Activity » Transcribe each line of the material as it is, and drop any picture.

Provided data »
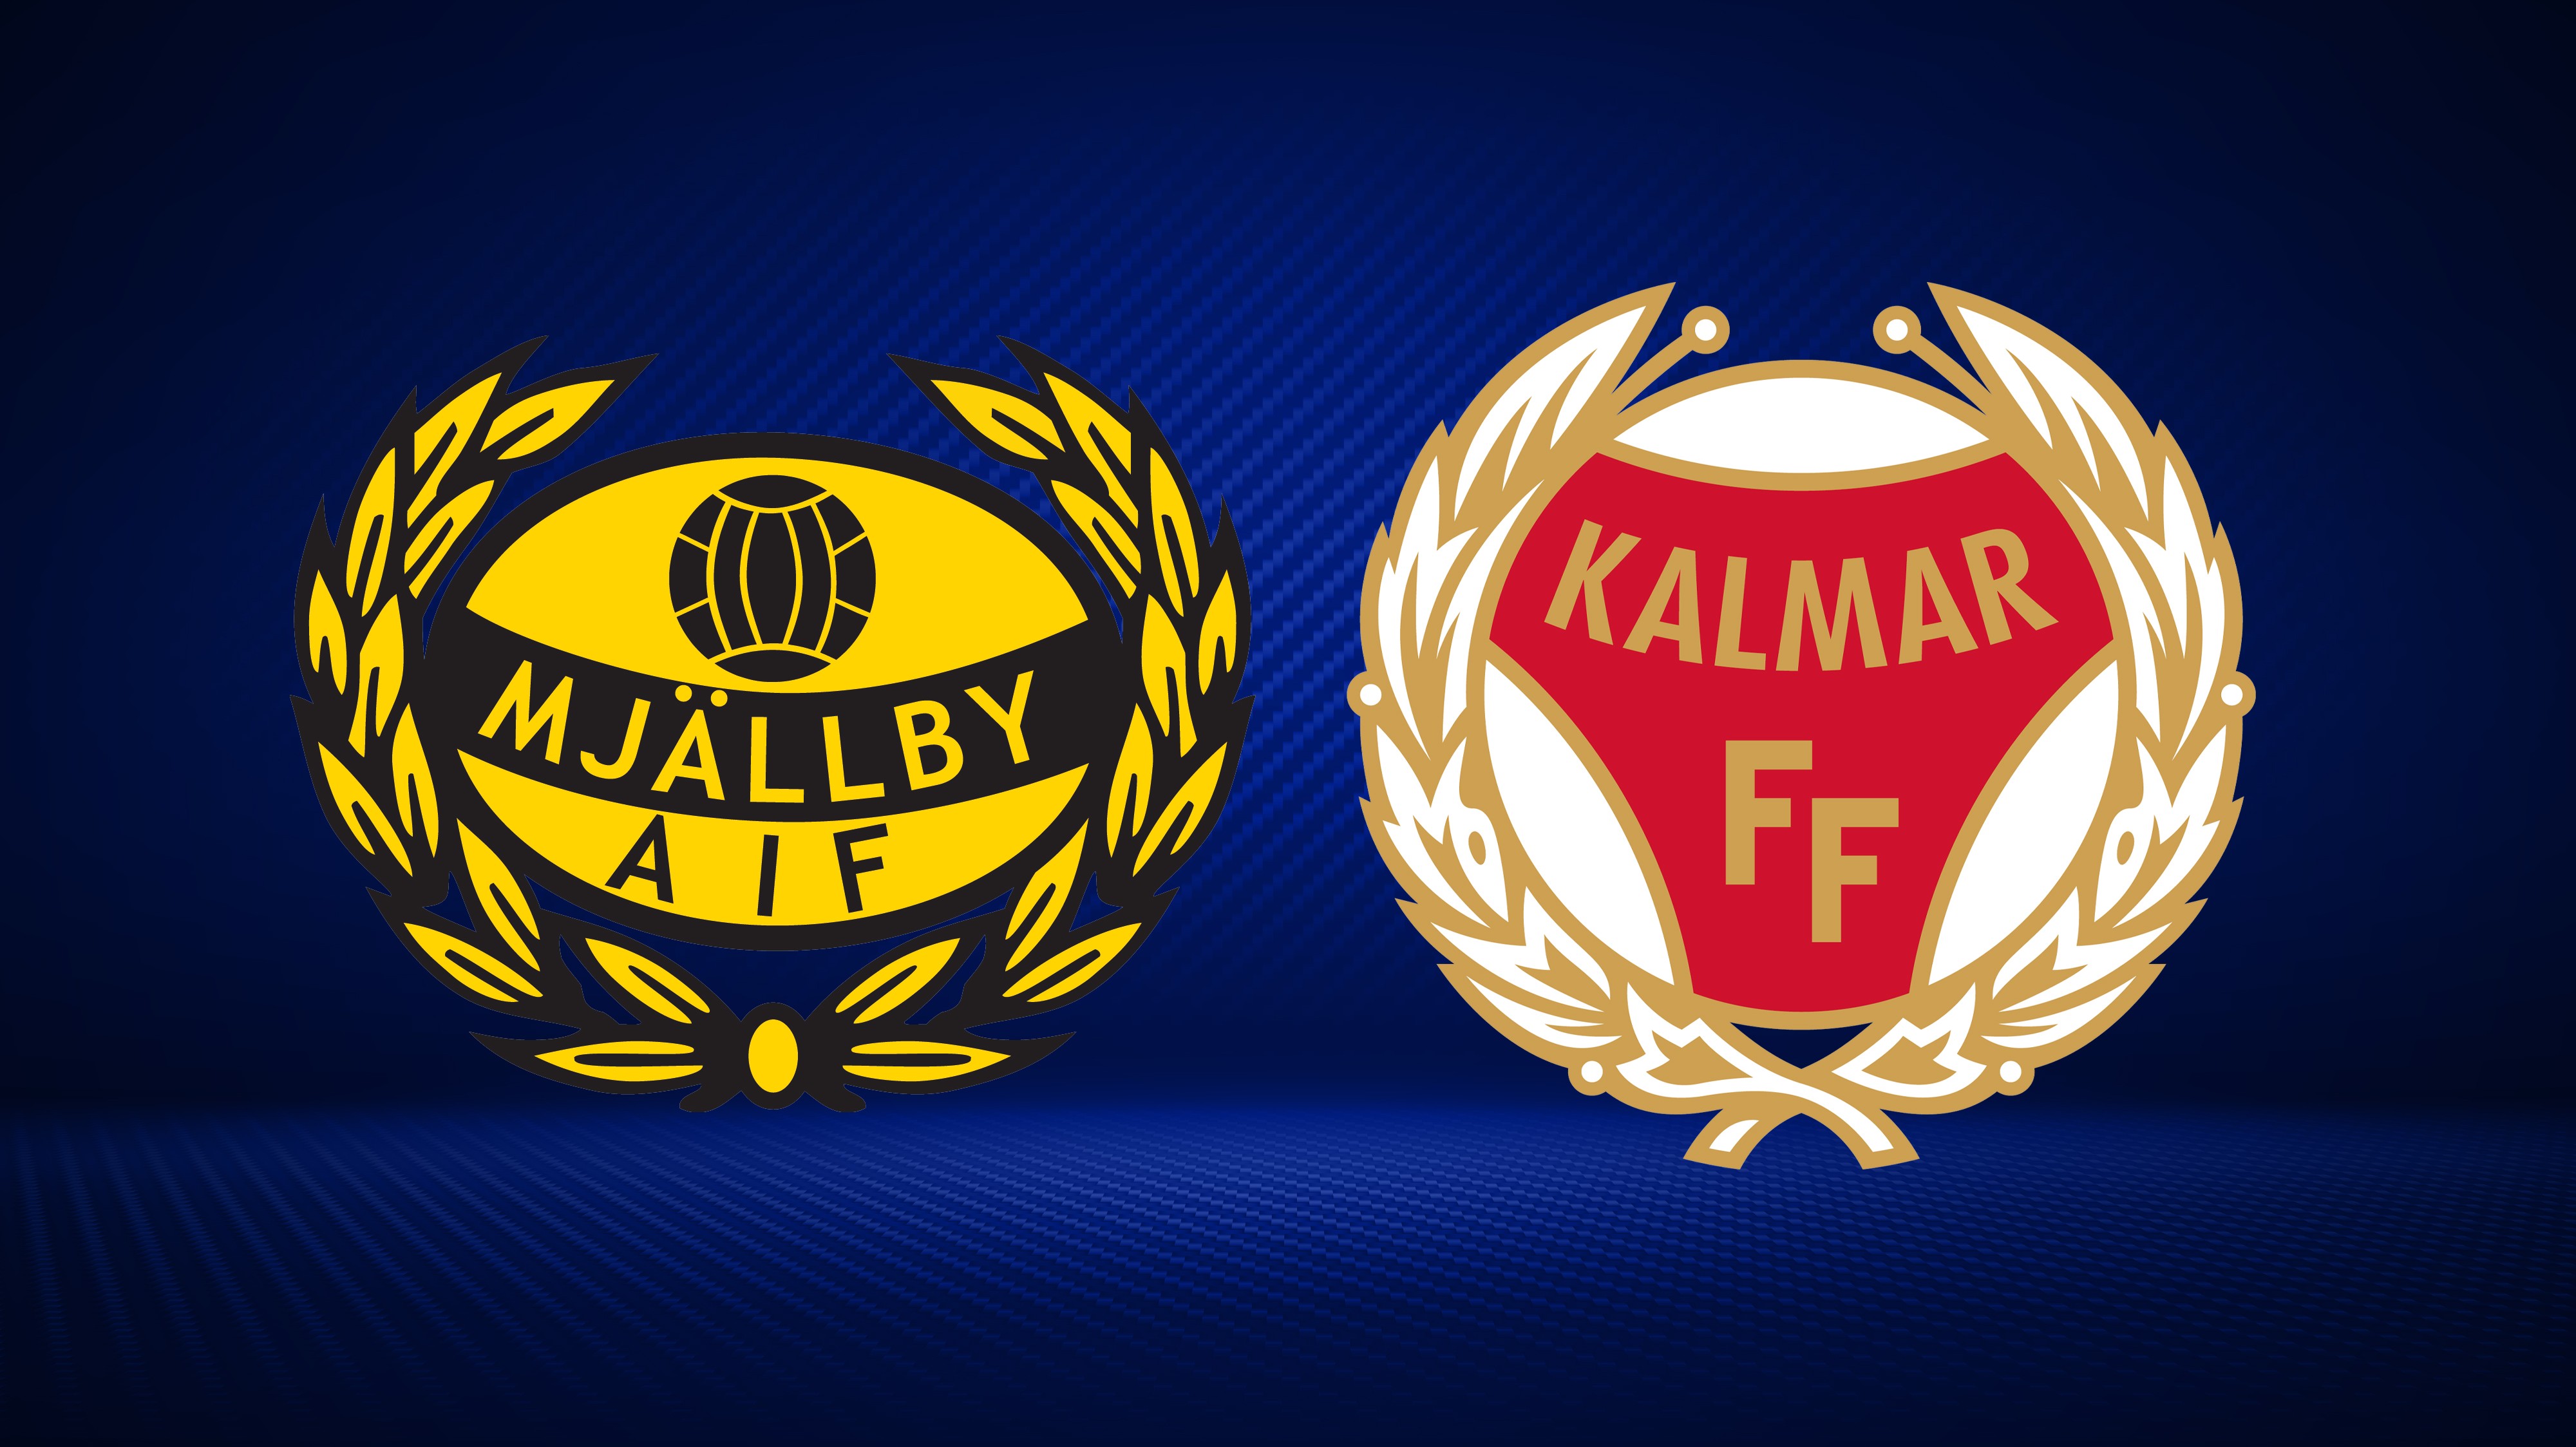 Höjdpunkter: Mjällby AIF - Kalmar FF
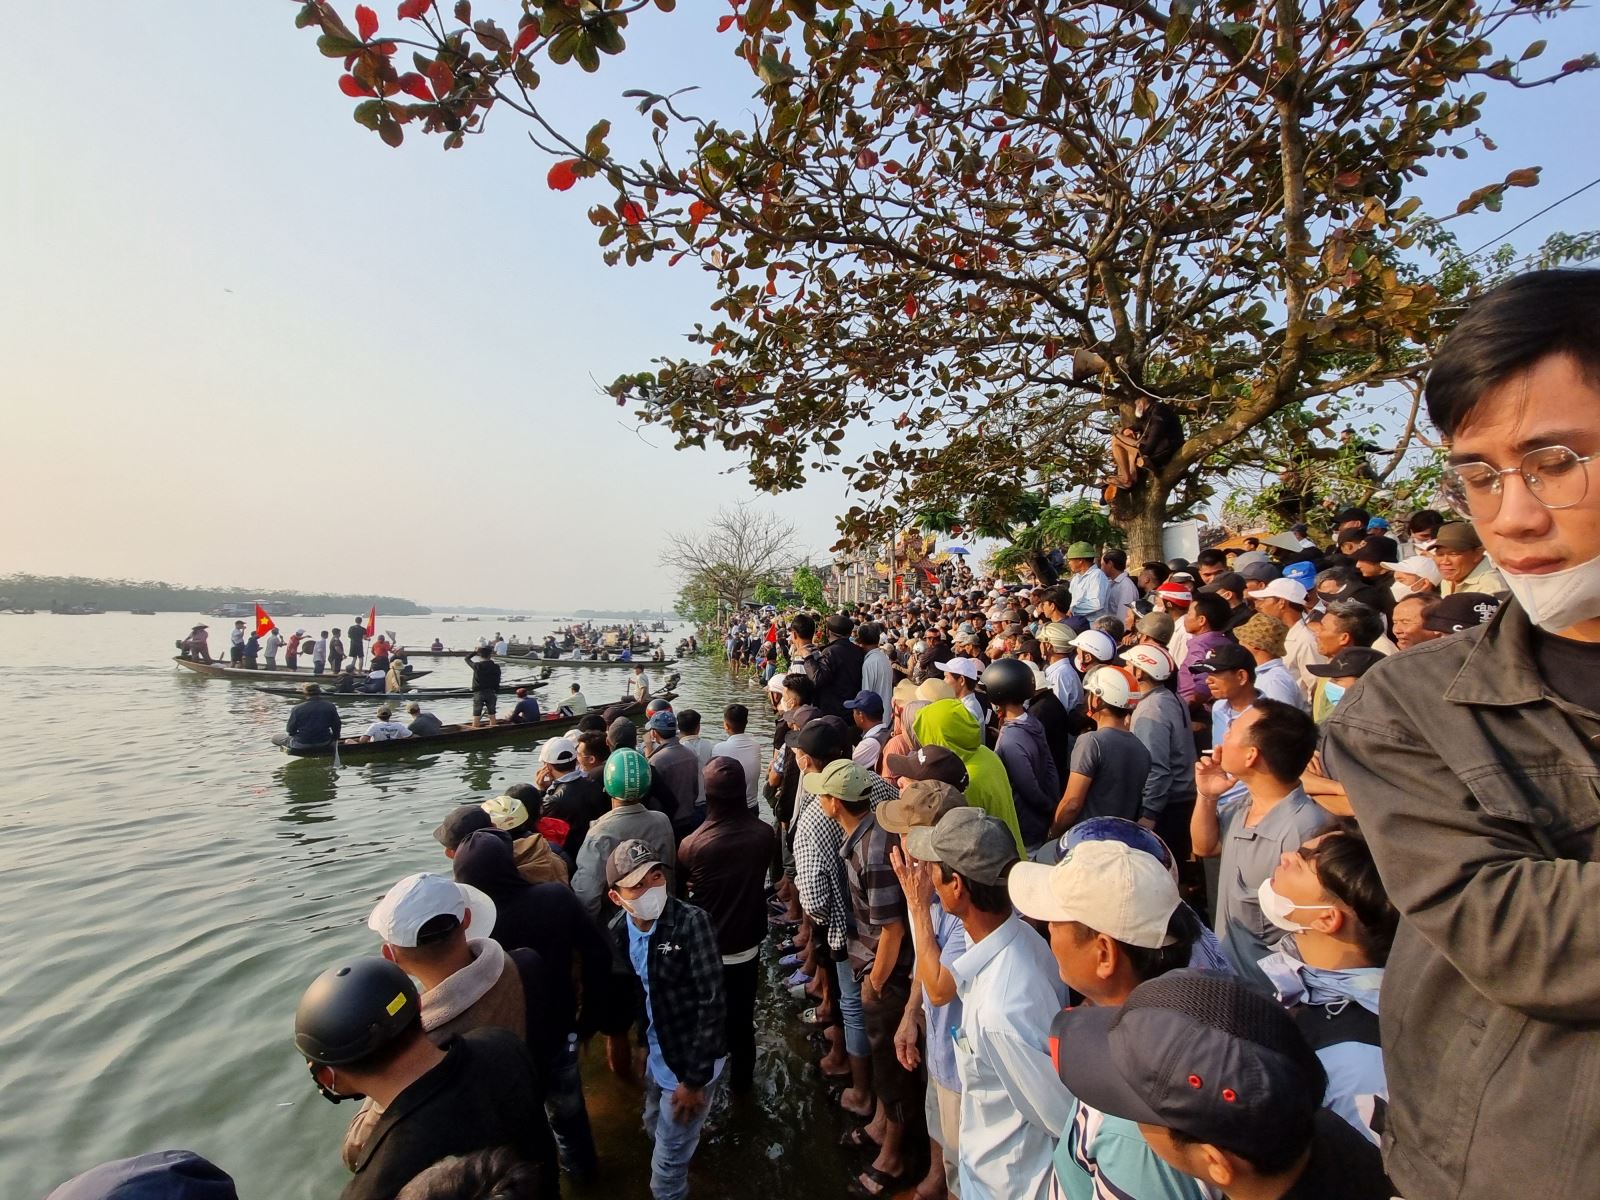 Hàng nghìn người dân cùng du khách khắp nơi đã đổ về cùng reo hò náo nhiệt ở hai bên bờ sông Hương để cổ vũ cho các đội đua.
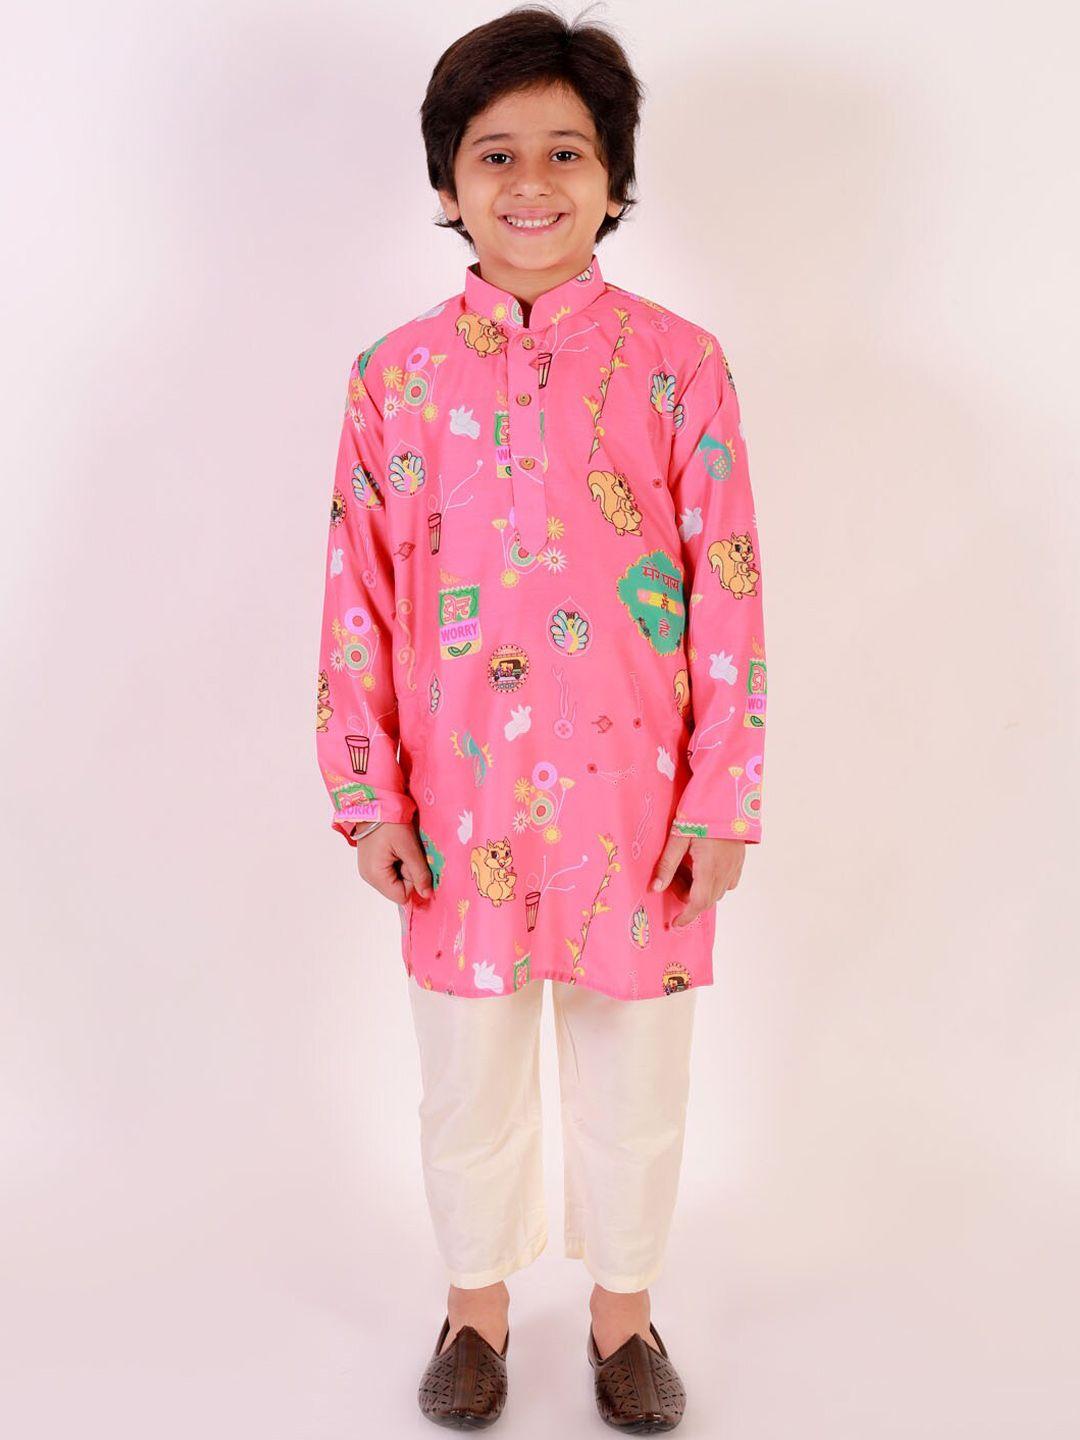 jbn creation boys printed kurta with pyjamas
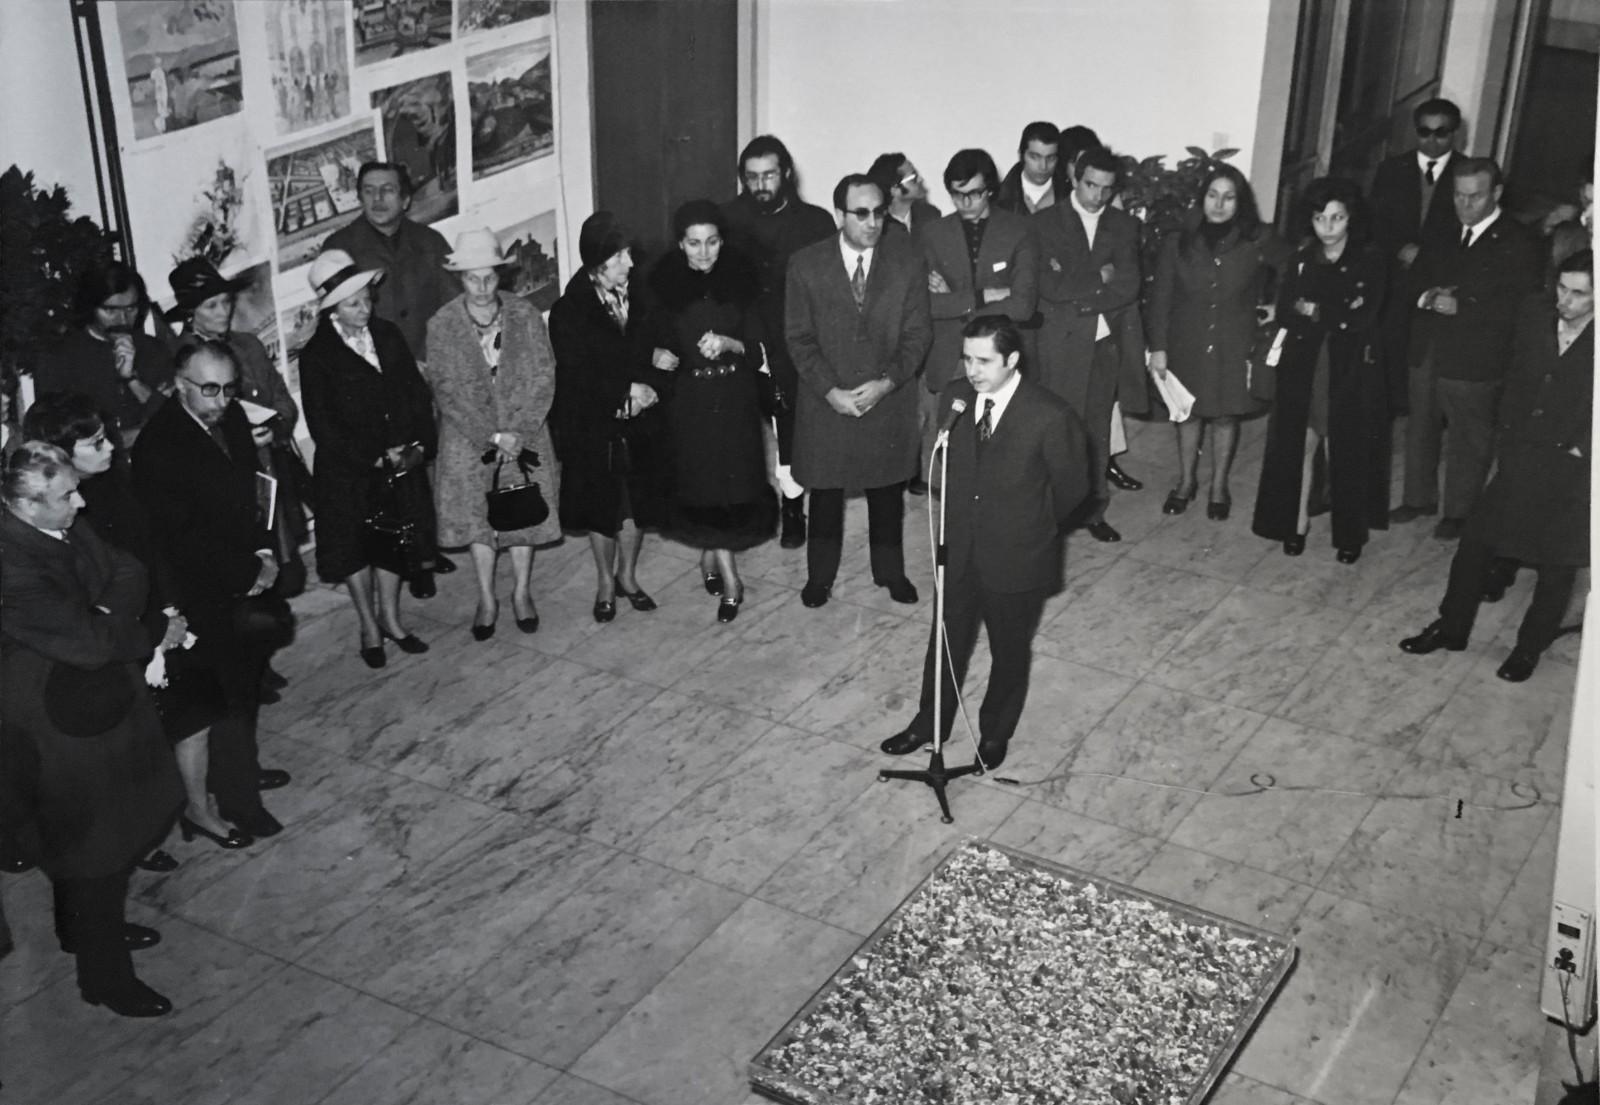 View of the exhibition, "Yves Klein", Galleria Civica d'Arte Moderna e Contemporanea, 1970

Solution below »
 Höjdpunkter: Mjällby AIF - Kalmar FF
 Hàng nghìn người dân cùng du khách khắp nơi đã đổ về cùng reo hò náo nhiệt ở hai bên bờ sông Hương để cổ vũ cho các đội đua.
 jbn creation boys printed kurta with pyjamas
 View of the exhibition, "Yves Klein", Galleria Civica d'Arte Moderna e Contemporanea, 1970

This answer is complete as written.